161 Iowa Admin. Code 8.27(6). Although that phrase is not further
defined in the Iowa Administrative rules, "qualified handicapped
person" is defined in the rules implementing the federal
Rehabilitation Act, on which the Iowa rules are patterned. There,
a "qualified handicapped employee" is defined as one
who with or without reasonable accommodation, can perform the
essential functions of the position in question without endangering
the health and safety of the individual or other. 29 C.F.R. §1613.702(f)
The Commission rule, specifically
161-8.27(6), requires reasonable accommodation. That section provides
as follows:
An employer shall make reasonable
accommodation to the known physical or mental limitations of an
otherwise gualified handicapped applicant or employee unless
the employer can demonstrate that the accommodation would impose
an undue hardship on the operation of its program. [Emphasis added]
Not only is the rule quite
clear and unambiguous in requiring reasonable accommodation to
an *otherwise qualified" person, but the statute also emphasizes
the same provision. Section 601A.6(l) (a) provides in part:
If a disabled person is
qualified to perform a particular occupation, by reason of training
or experience, the nature of that occupation shall not be the
basis for exception to the unfair or discriminatory practices
prohibited by this subsection.
"The essential functions
of a job are those set forth in the position description. Thus,
an individual is "qualified" if he can perform all of
the functions of his job as outlined in the standard position
description, even though because of a disability, he cannot perform
additional duties that are performed by other persons holding
the same job. Guinn v. Bolger, 598 F. Supp. 196 (D.C.D.C.
1984)
Furthermore, an individual
need not be able to perform an of the duties of the position in
question without modification. "It is sufficient if an individual
can perform the essential limitations." Trimble v. Carlin,
633 F. Supp. 367 (D.C. Pa. 1986); Strathie v. Dept. of Transp.,
716 F.2d 227 (3rd Cir. 1983).
Because no consideration
was given to allow Deck more time to acclimate himself to the
plant environment upon returning from his breakdown before subjecting
him to additional demands, nor was consideration given to allowing
Deck a more gradual training schedule which could have alleviated
his anxiety, one cannot conclude that Deck would have been unable
to perform the assistant operator function if he had been accommodated.

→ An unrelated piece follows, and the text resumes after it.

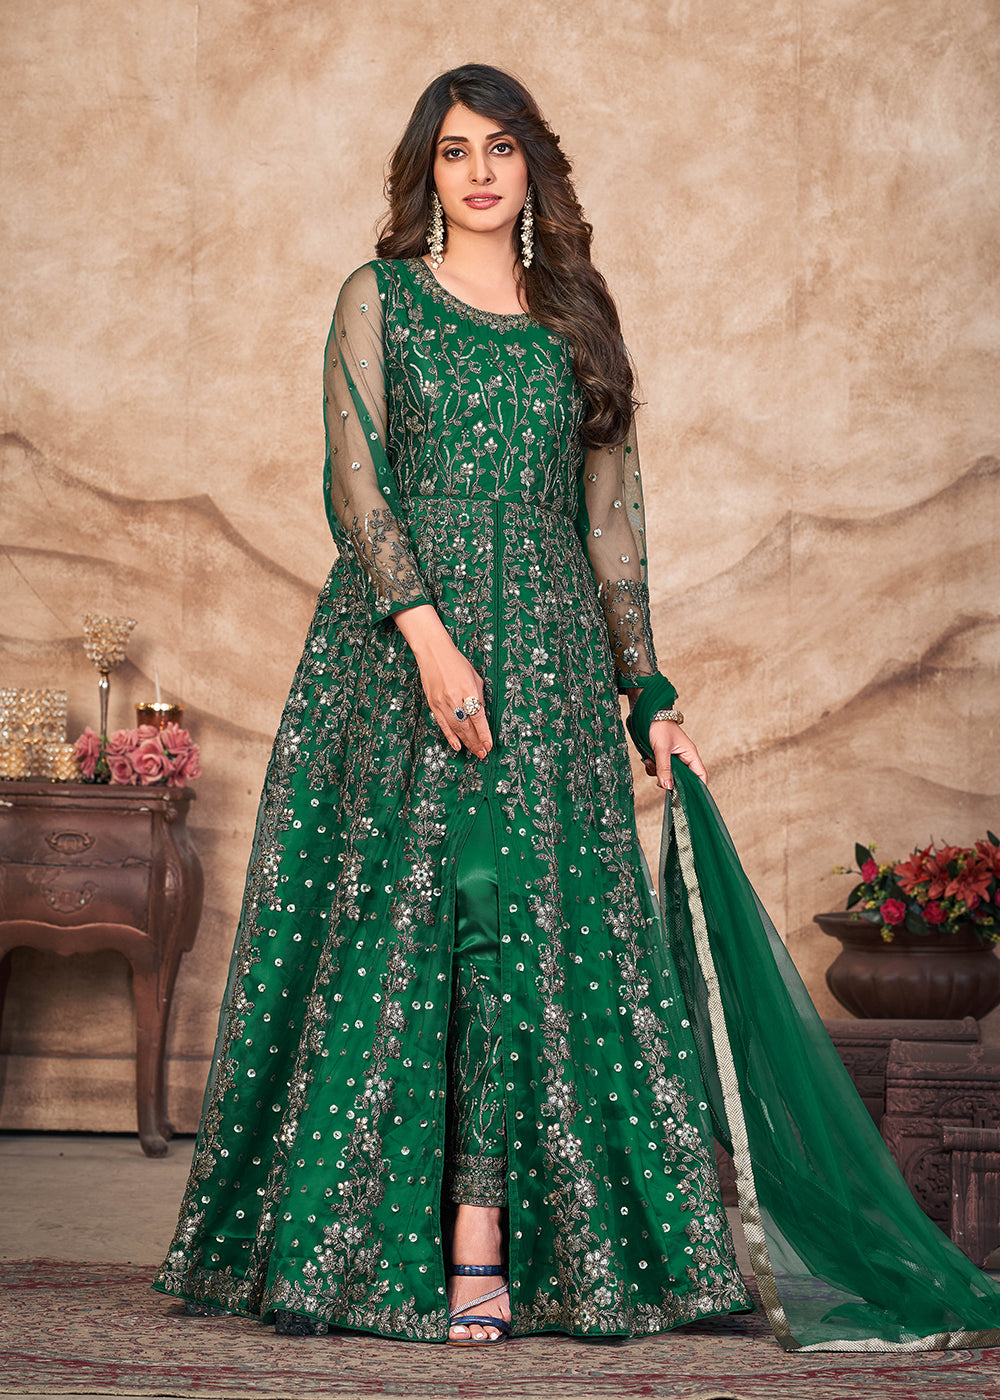 Buy Now Emerald Green Net Embroidered Pant Style Anarkali Suit Online in USA, UK, Australia, New Zealand, Canada & Worldwide at Empress Clothing.

Offering additional training at the end of the training period,
after Deck's anxiety had been building to the point that he had
become physically ill and unable to do any job was not an accommodation.

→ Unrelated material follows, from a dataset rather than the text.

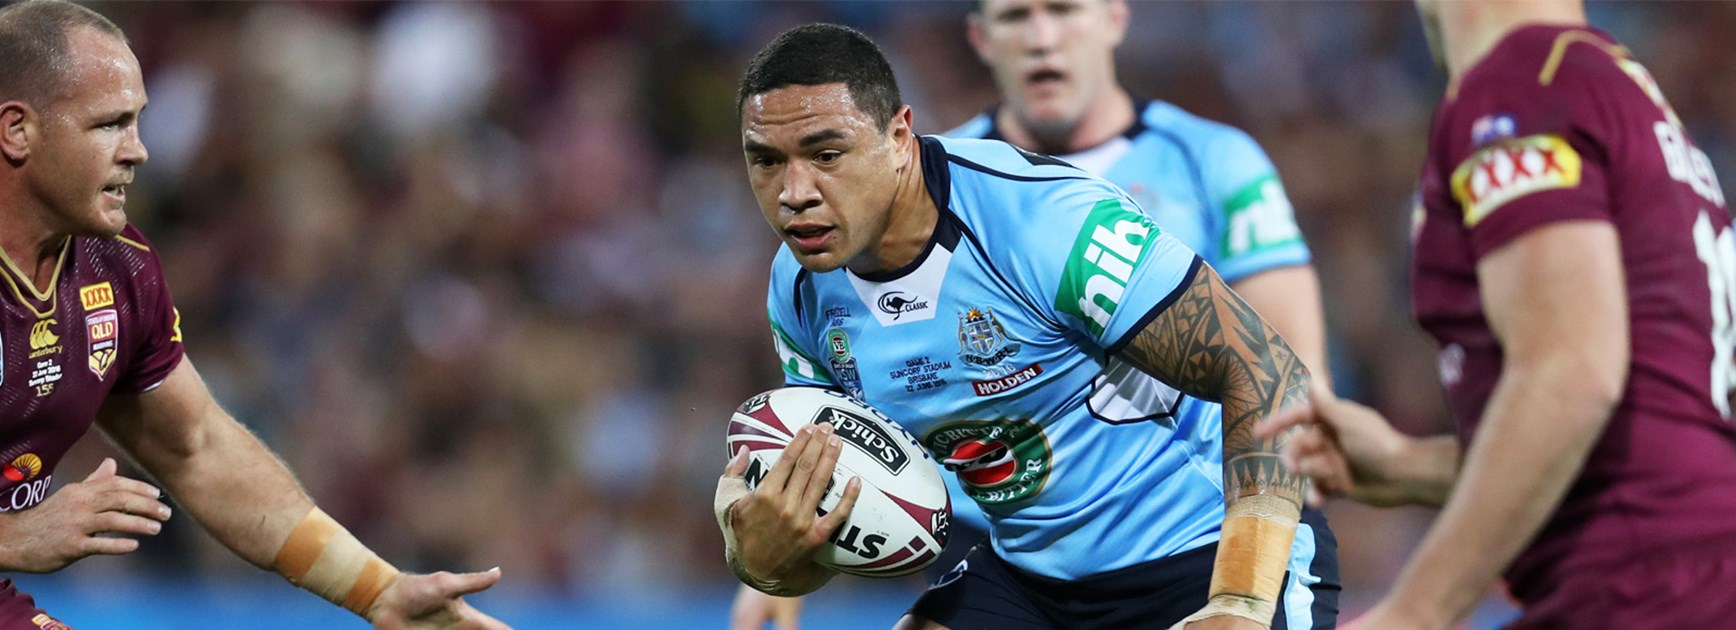 Tyson Frizell was impressive in his State of Origin debut.

Because the company made no accommodation to permit an assessment
of whether Deck could perform the assistant operator functions,
it is not necessary to determine whether that function is even
essential to the supply position. The testimony was that the cross-training
was required only so that trained substitutes would be available
if the regular employee was ill or on vacation.
Having concluded that Dock
was a qualified handicapped employee, Henkel owed Deck a duty
to accommodate his handicap. Henkel made no effort to accommodate
Deck's mental illness, but instead acted in accordance with its
previously determined stipulation that upon an absence "due
to a relapse of recurrence of illness he [would] be terminated..."
Therefore, the termination on January 21, 1985, was illegal discrimination
on the basis of disability.
6. The Complainant, Stanley Deck, has mitigated his lost earnings in that he has properly endeavored to secure other employment, although his endeavors have been unsuccessful.